Sabtu, 14 November 2009

Muhasabah Cinta : Langit Subuh Rajawali (Part I)

Mataku sudah sangat berat. Tak dapat kutahan lagi hingga kelopaknya yang tipis sudah tak mampu lagi menerima pasokan cahaya untuk melewati kornea mataku. Suasana begitu sejuk, karena sejak dua jam yang lalu tetes-tetes hujan menyelimuti seisi langit perumahan Rajawali Estates, di atas rumahku, dan rumah-rumah lain yang jumlahnya mungkin puluhan.
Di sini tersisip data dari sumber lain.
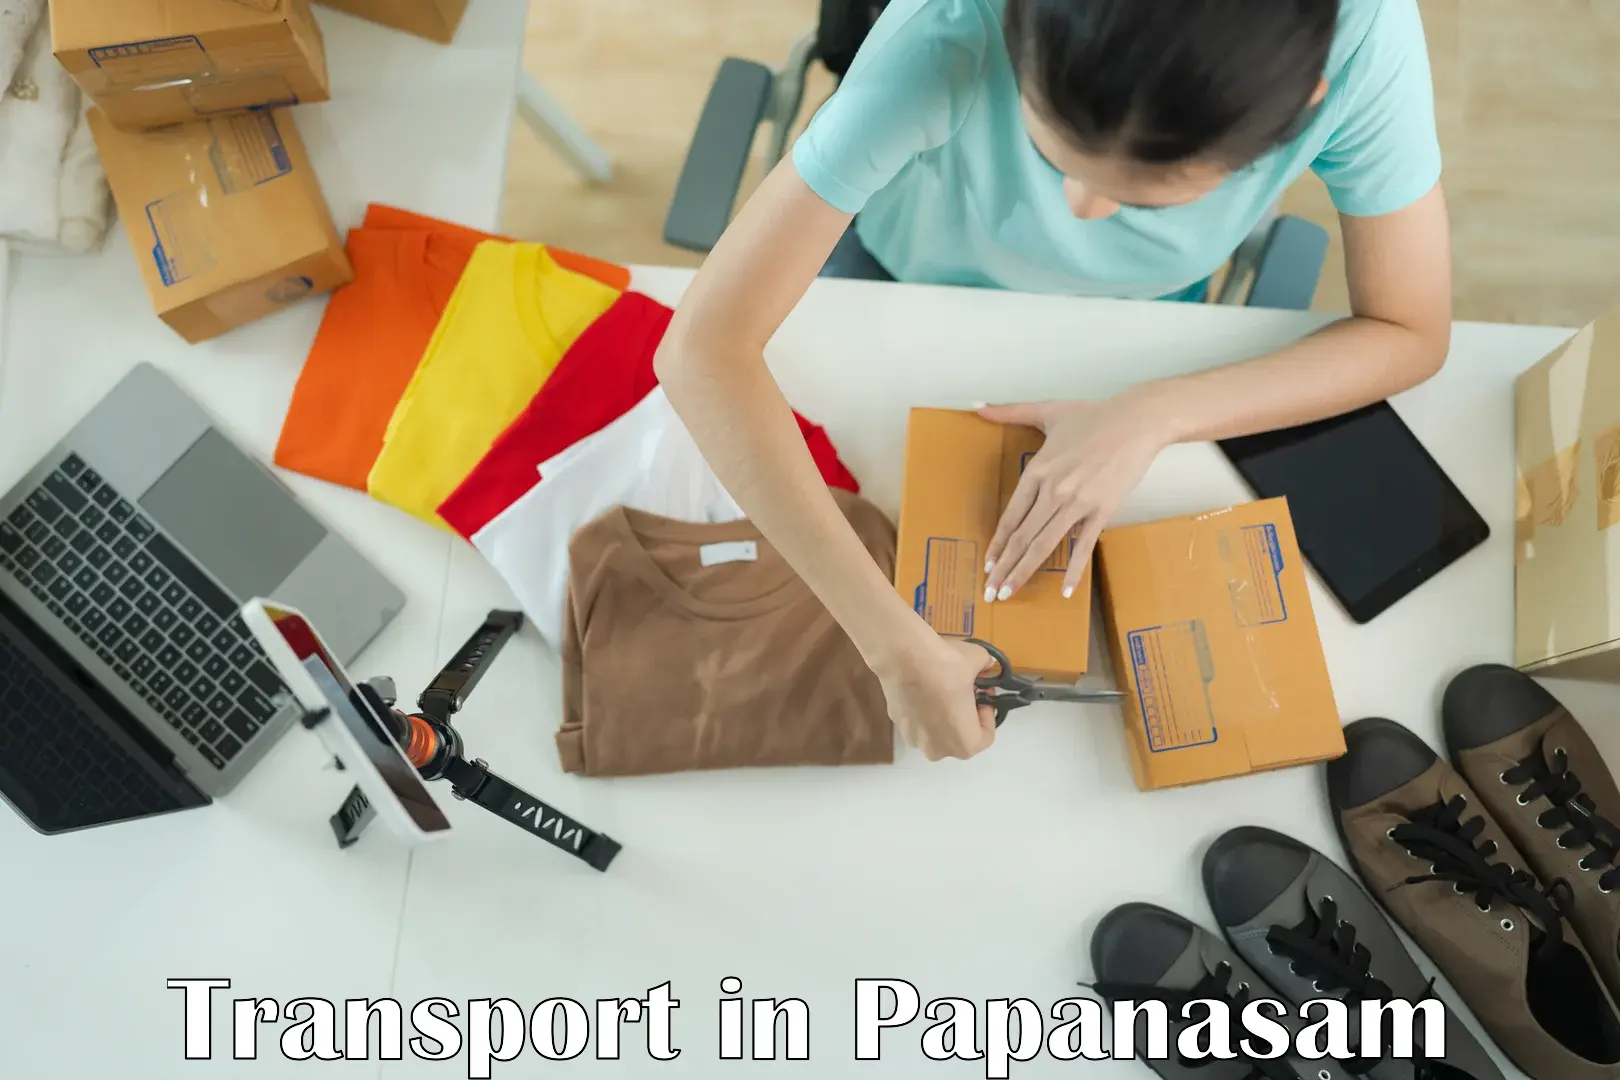 Luggage transport services in Papanasam

Tulang punggungku seperti sudah tak mampu berdiri tegak dengan kuat. Mungkin ia sudah terlalu letih di penghujung malam seperti ini, terduduk di atas kursi di depan sebuah meja belajar berukuran dua kali satu meter bermerek ”olympic” yang kubeli dengan uang hasil bekerja selama dua minggu sebagai waiter di sebuah cafe di Batam Center, pada saat libur pergantian semester satu bulan yang lalu. Kulirik jam beker di atas meja belajarku yang berdesain minimalis sederhana berwarna coklat tua. Jam 03:15 pagi. Sudah tiga jam lebih sejak tengah malam, mataku berhadapan dengan tumpukan buku-buku yang sebagian besar terkesan begitu memuakkan.
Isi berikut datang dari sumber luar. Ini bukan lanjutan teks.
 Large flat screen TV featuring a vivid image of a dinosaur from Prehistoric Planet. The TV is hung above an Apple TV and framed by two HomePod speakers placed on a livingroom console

Tapi, biarlah begitu. Inilah saat bagiku merajut harapan untuk menggapai cita-citaku. Membahagiakan satu-satunya keluargaku yang saat ini masih terlelap dengan segudang keletihan di bahunya yang lemah. Ibuku. Ibu yang amat kucinta. Raut wajahnya yang selalu kudamba. Senyum wajahnya yang selalu kuharap di saat ku gundah. Hangat belainya di saat ku rapuh. Doanya yang selalu menguatkan di setiap ku melangkah. Permata jernih, yang tidak akan pudar hingga nafas terakhirku. Sosok yang akan kukorbankan jiwa dan ragaku demi kebahagiaannya.
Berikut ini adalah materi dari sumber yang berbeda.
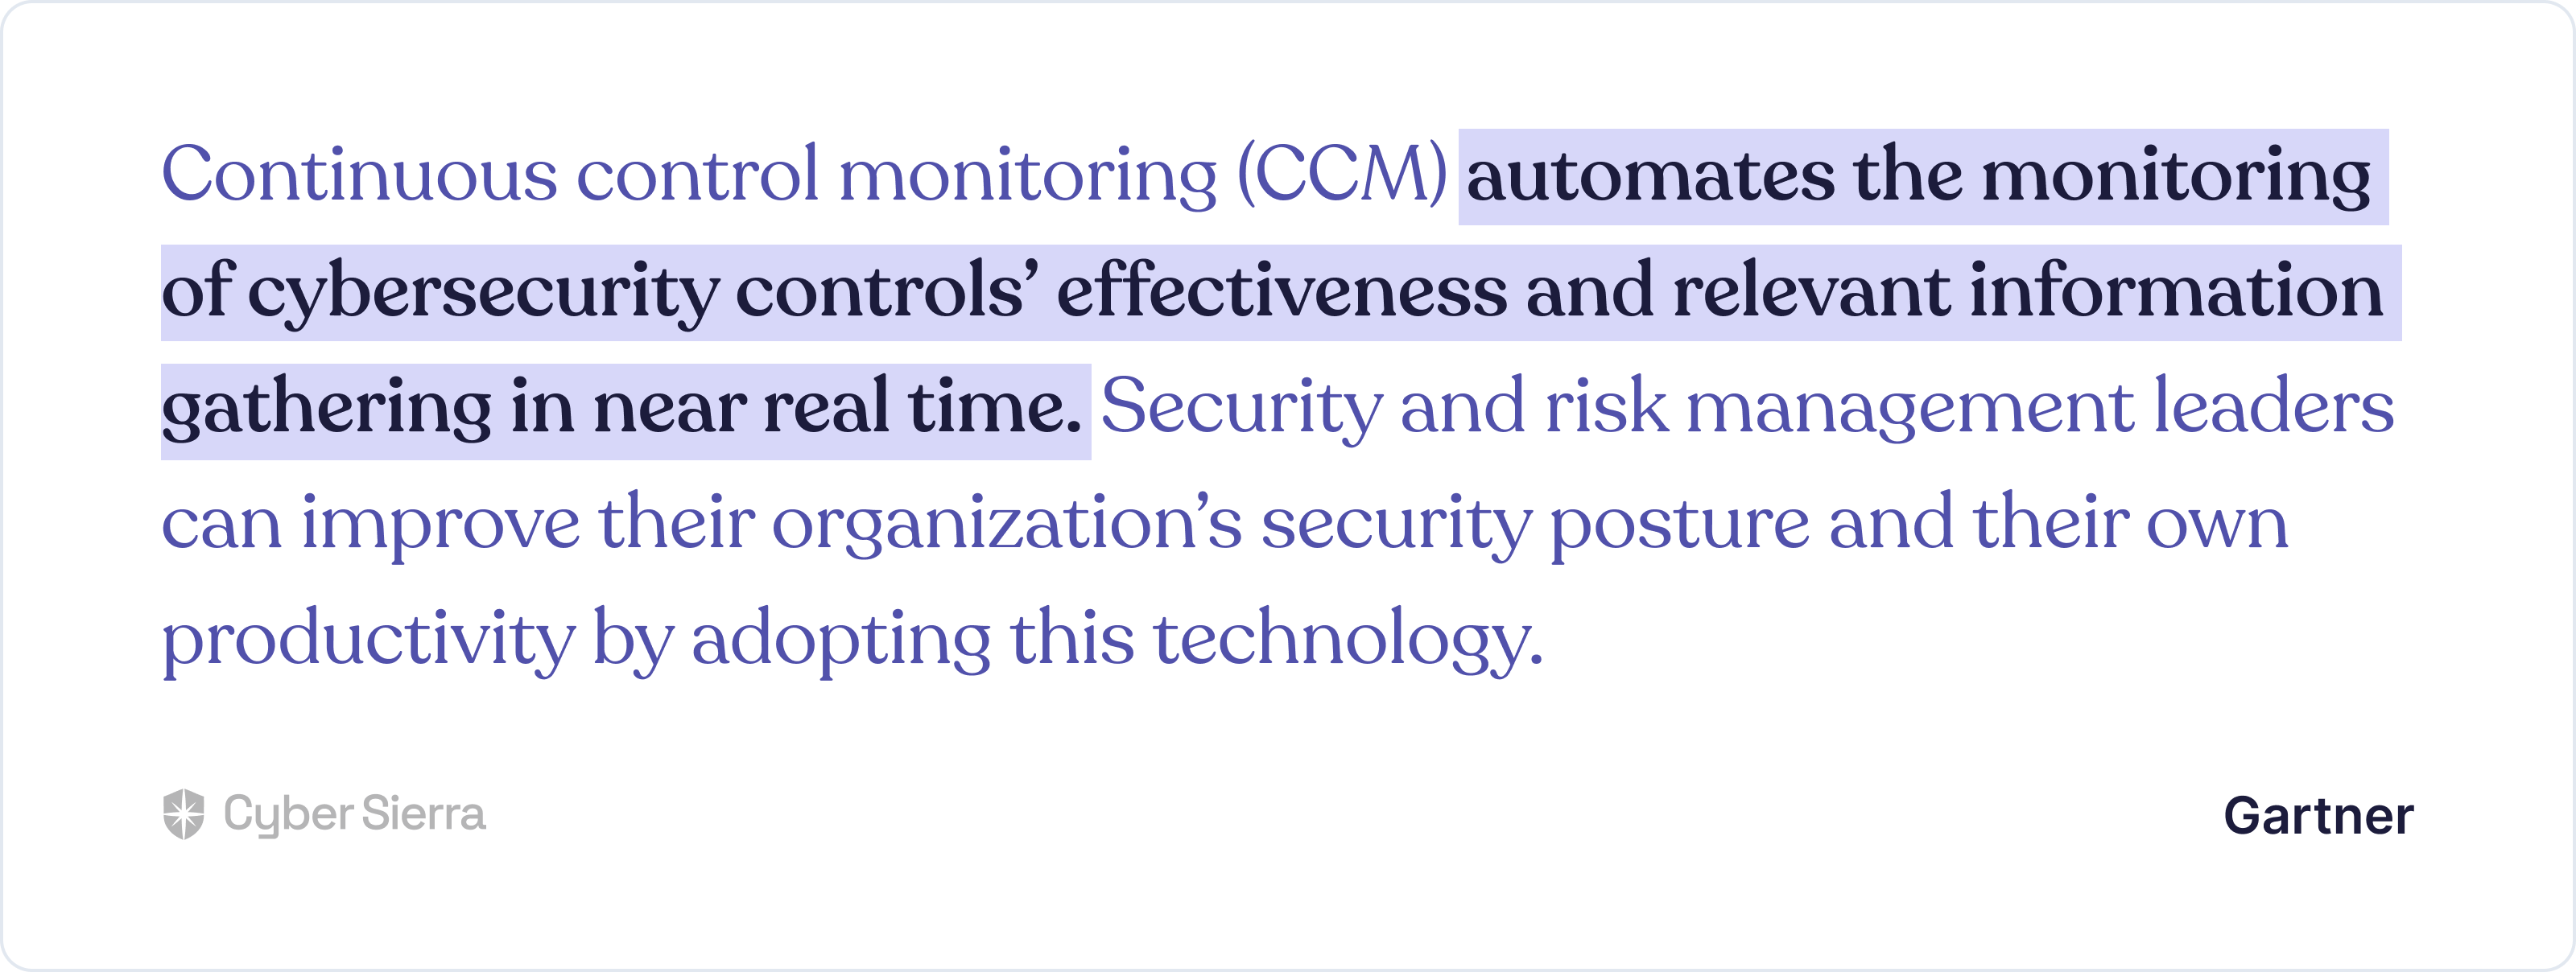 By adopting CCM, enterprise security executives can proactively improve their company’s cybersecurity posture while being more productive. But achieving these desirable outcomes is no mean feat.

Basuhan sejuk air wudhu’ sisa tahajjudku sudah tidak terasa lagi. Aku ingin istirahat sebentar, sampai azan subuh. Karena kelopak mataku yang memberat sudah tak dapat kubendung lagi. Tapi belum sampai aku melelapkan mataku, telingaku menangkap suara yang datangnya dari kamar ibuku. Suara seseorang yang sedang terbatuk-batuk kecil, namun segera berhenti. Sudah tentu aku mengenal suara batuk itu. Itu ibuku. Mungkin ia sudah bangun. Ia sudah terbiasa bangun sepagi ini untuk mempersiapkan barang dagangannya. Ibuku adalah seorang penjual gorengan di SMP Negeri 8 Batu Besar. Sehari-hari ibuku membuka stan di sana dengan hanya dibantu oleh seorang pembantu yang dibayar oleh ibuku. Suara langkah kaki ibuku, aku rasakan semakin mendekat ke arah kamar tempatku belajar saat ini.

”Hassfi, ...” Ibuku memanggilku dan kini sedang berdiri di bibir pintu kamarku yang terbuat dari papan yang tebal, dilapisi triplek yang permukaannya halus, dan tangan kirinya kulihat memegangi gagang pintu yang berwarna perak itu.

”Eh, iya Ibu?”

”Ibu ganggu yah?”

”Tidak kok Bu.”

”Hm.... Baru selesai belajar, Has?”

“Iya Ibu. Barusan siap. Tapi sekarang mau tidur lagi. Ngantuk ni..”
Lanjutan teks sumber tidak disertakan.